Monocular Learning Paradigm in LPCG | APBEV /AP3D (IoU=0.7) | ||
---|---|---|---|
Easy | Moderate | Hard | |
M3D-RPN [1] | 20.85/14.53 | 15.62/11.07 | 11.88/8.65 |
PointPillars [12] + M3D-RPN | 34.46/26.85 | 26.74/20.12 | 23.75/17.46 |
Second [42] + M3D-RPN | 34.71/28.04 | 26.07/20.01 | 22.85/17.80 |
Part- [31] + M3D-RPN | 33.28/26.20 | 25.51/20.09 | 22.49/17.81 |
PV-RCNN [29] + M3D-RPN | 33.94/26.17 | 25.20/19.61 | 22.06/16.80 |
A.3 Ablation on The Number of Pseudo Labels
In Table 10, we train the monocular 3D detector with different numbers of pseudo labels. We can observe that the performance increases dramatically with more pseudo labels, which means that collecting more unlabeled LiDAR point clouds can further push the performance of monocular 3D detection. Actually, this offline collecting process can be easily achieved in a real-world self-driving system.
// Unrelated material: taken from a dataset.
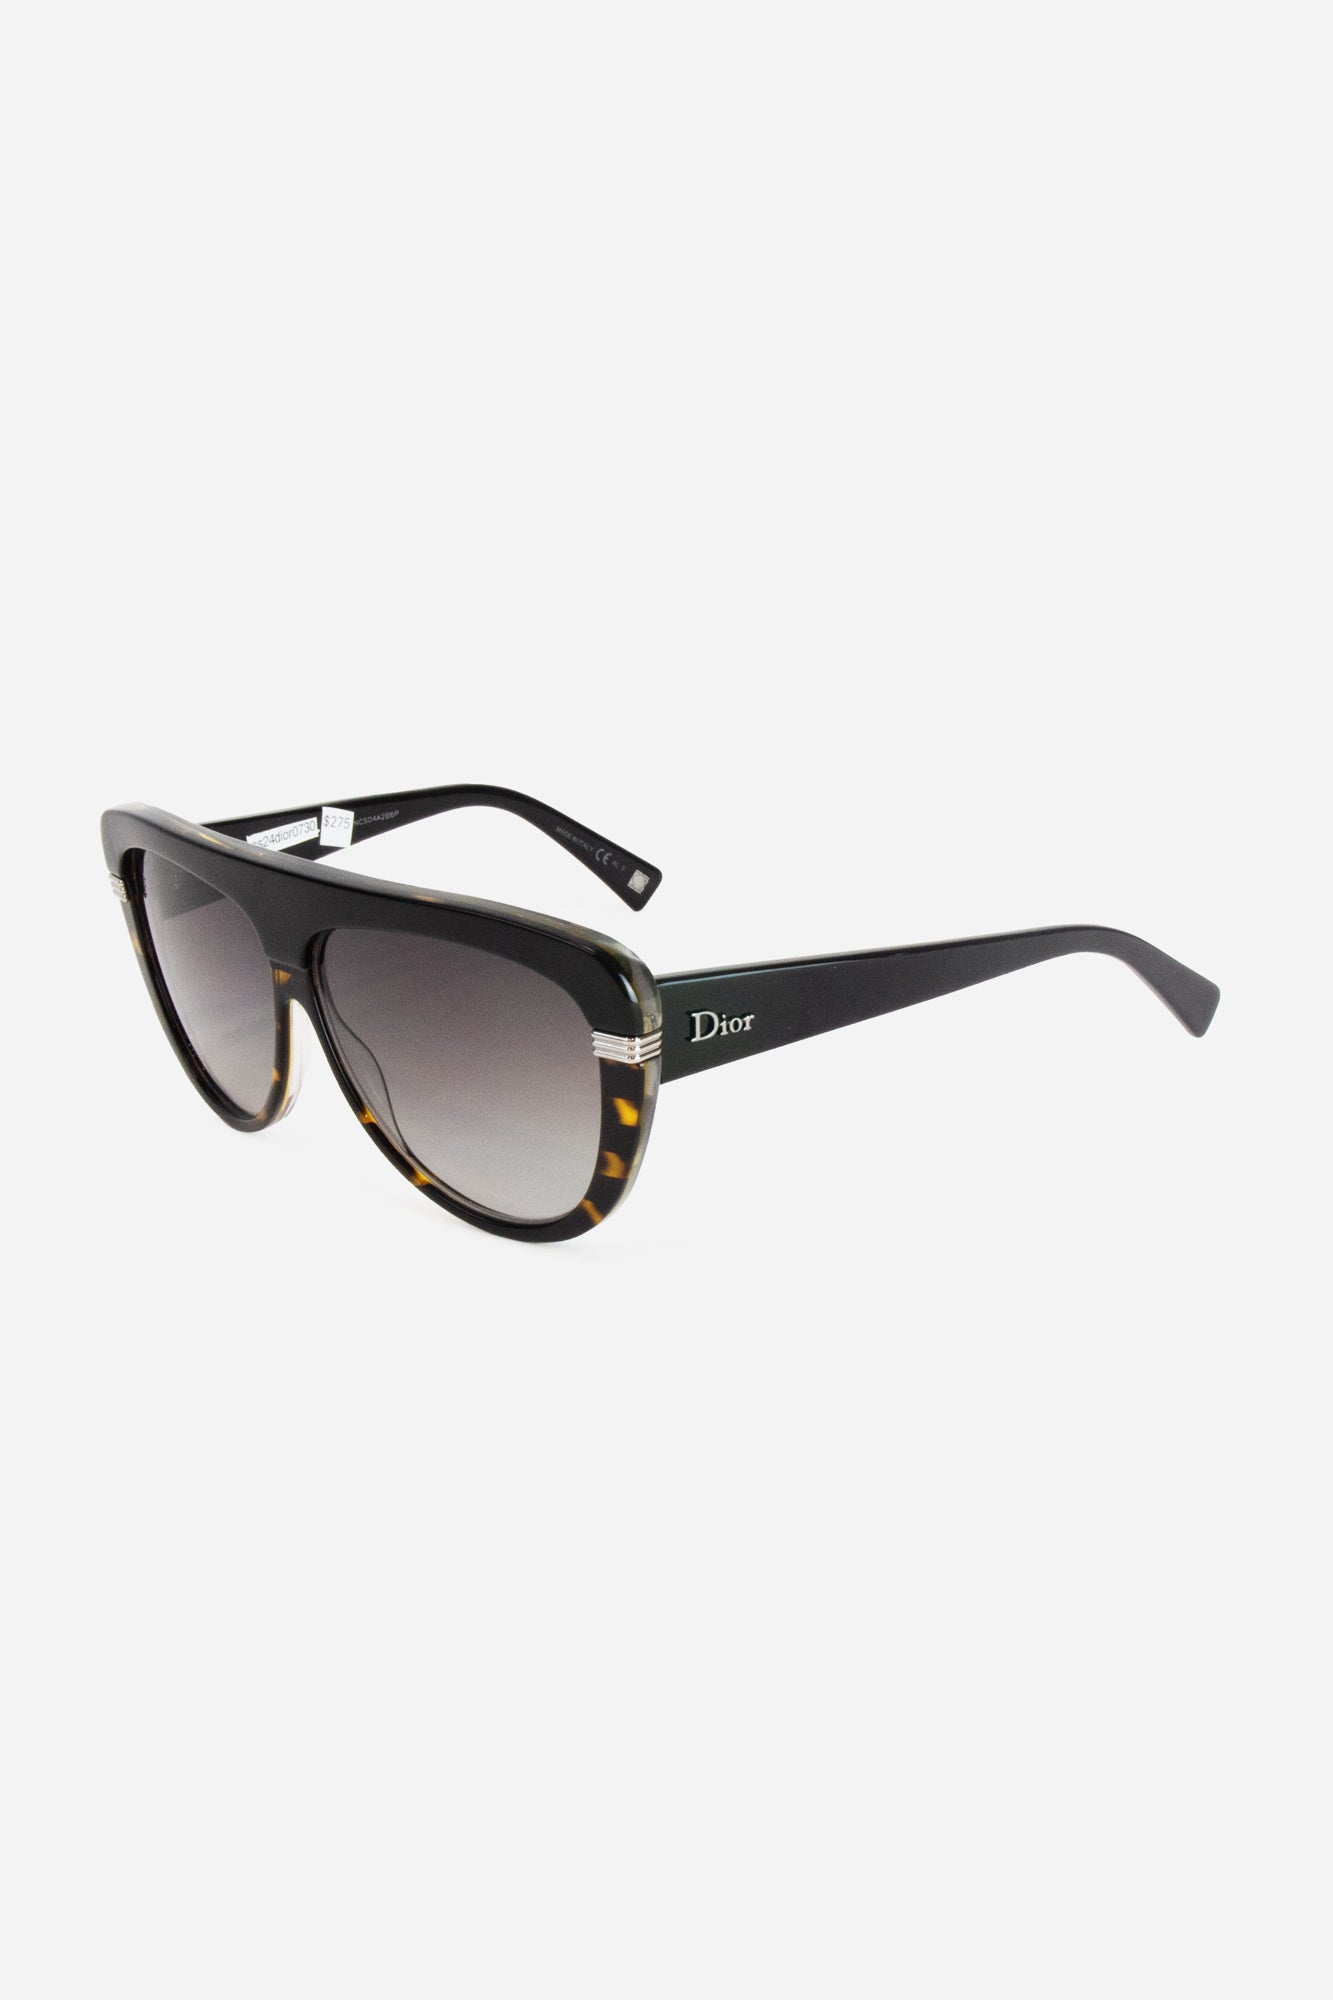 Thick Square Frame Sunglasses Dior Label On Side

Apporoaches | Samples | APBEV/AP | ||
---|---|---|---|---|
Easy | Moderate | Hard | ||
Under IoU criterion 0.5 | ||||
M3D-RPN + LPCG | 100 | 11.18/7.32 | 7.70/4.73 | 6.37/4.06 |
200 | 21.71/17.14 | 16.13/12.32 | 14.26/10.69 | |
500 | 31.82/26.82 | 23.31/19.82 | 20.99/17.08 | |
1000 | 35.09/29.41 | 28.33/23.72 | 25.23/20.93 | |
3000 | 54.86/49.75 | 40.11/36.58 | 35.45/32.29 | |
10000 | 64.57/59.01 | 47.48/43.97 | 43.56/39.04 | |
26057 | 67.20/62.92 | 50.52/47.14 | 46.31/42.03 | |
Under IoU criterion 0.7 | ||||
M3D-RPN + LPCG | 100 | 1.29/0.35 | 0.74/0.21 | 0.62/0.19 |
200 | 3.83/1.84 | 3.01/1.20 | 2.28/1.14 | |
500 | 9.14/4.78 | 6.40/3.35 | 5.52/2.96 | |
1000 | 11.71/7.48 | 9.23/5.78 | 8.07/4.89 | |
3000 | 20.96/14.83 | 15.76/10.80 | 13.78/9.76 | |
10000 | 31.51/25.05 | 22.76/17.87 | 19.82/15.30 | |
26057 | 33.94/26.17 | 25.20/19.61 | 22.06/16.80 |
Appendix B Qualitative Results
B.1 Qualitative Results of Monocular Model Detections
We provide qualitative results in Figure 4. We compare the predictions from the original model [1] with the ones from the model employing our framework (LPCG). It can be easily seen that our predictions are much more accurate, especially for 3D locations. We also show the failure cases, which are usually heavily occluded or faraway objects. These objects are hard to be precisely recovered due to the ill-posed nature of monocular imagery.
B.2 Qualitative Results of Pseudo Labels
To intuitively understand the gap between pseudo labels and manually annotated labels, we illustrate some examples in Figure 5. We can observe that both types of pseudo labels (produced by high accuracy and low cost mode) are close to the manual annotations. This accuracy can be attributed to the highly precise 3D measurements of LiDAR point clouds, which give explicit information for obtaining objects’ 3D locations. However, regarding pseudo labels in the low cost mode, they are produced by the geometry-based method, i.e., finding the minimum bounding box of RoI LiDAR points and then filtering invalid boxes (via the dimension prior). When the LiDAR point clouds cannot describe the 3D outline of the object, this geometry-based method will fail since the minimum bounding box is filtered by the dimension constraint. Therefore, many real objects are missed. These objects usually have few LiDAR points or only have one surface that is captured by the LiDAR device. We show these failure cases in Figure 6.